As duas meninas, Fátima e Fernanda, contestam no Judiciário a autenticidade da assinatura da mãe no documento de cessão em que se apoia a Editora Global para relançar toda a obra de Cecília Meireles, referência solar da poesia brasileira.
Sem novas edições
O Globoinformou que, enquanto sua mãe era viva, Alexandre, neto de Cecília, cuidava dos direitos autorais. Mas sua tia mais nova, a atriz Maria Fernanda (única filha viva de Cecília), sentindo-se prejudicada, processou o sobrinho. Este perdeu na Justiça a ação e foi condenado a repassar à tia R$ 1,7 milhão em direitos autorais atrasados.
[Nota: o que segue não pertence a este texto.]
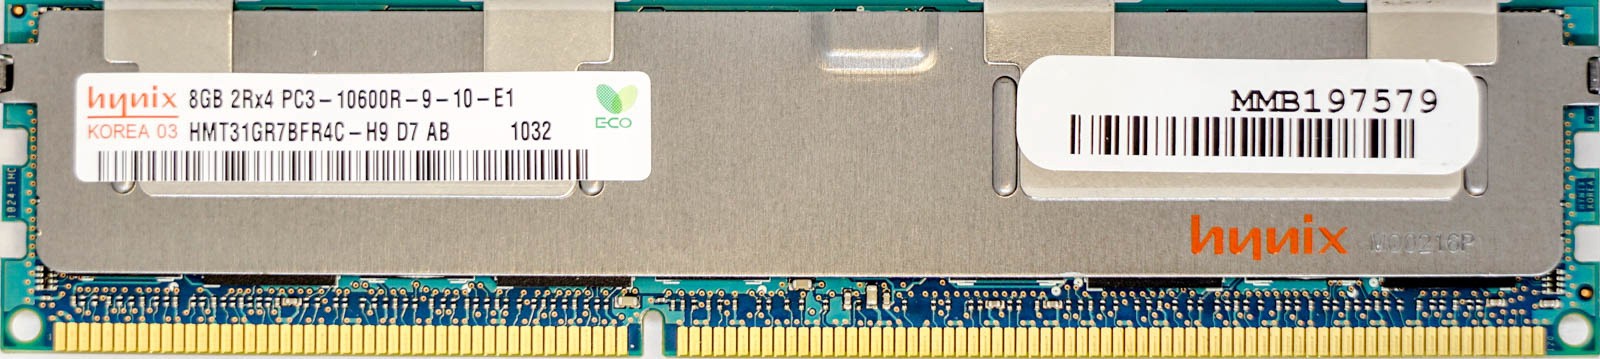 Hynix - 8GB PC3-10600R (DDR3-1333Mhz, 2RX4)

Na “Fala Inicial”de Romanceiro da Inconfidência, cujos versos usei nas epígrafes de todos os capítulos de meu romance Avante, soldados: para trás, a poeta escreveu:
“Não posso mover meus passos/ Por esse atroz labirinto/ De esquecimento e cegueira/ Em que amores e ódios vão.”
Nem nós. Deixemos para advogados e juízes, mas enquanto isso ficaremos privados de novas edições dos livros de Cecília Meireles?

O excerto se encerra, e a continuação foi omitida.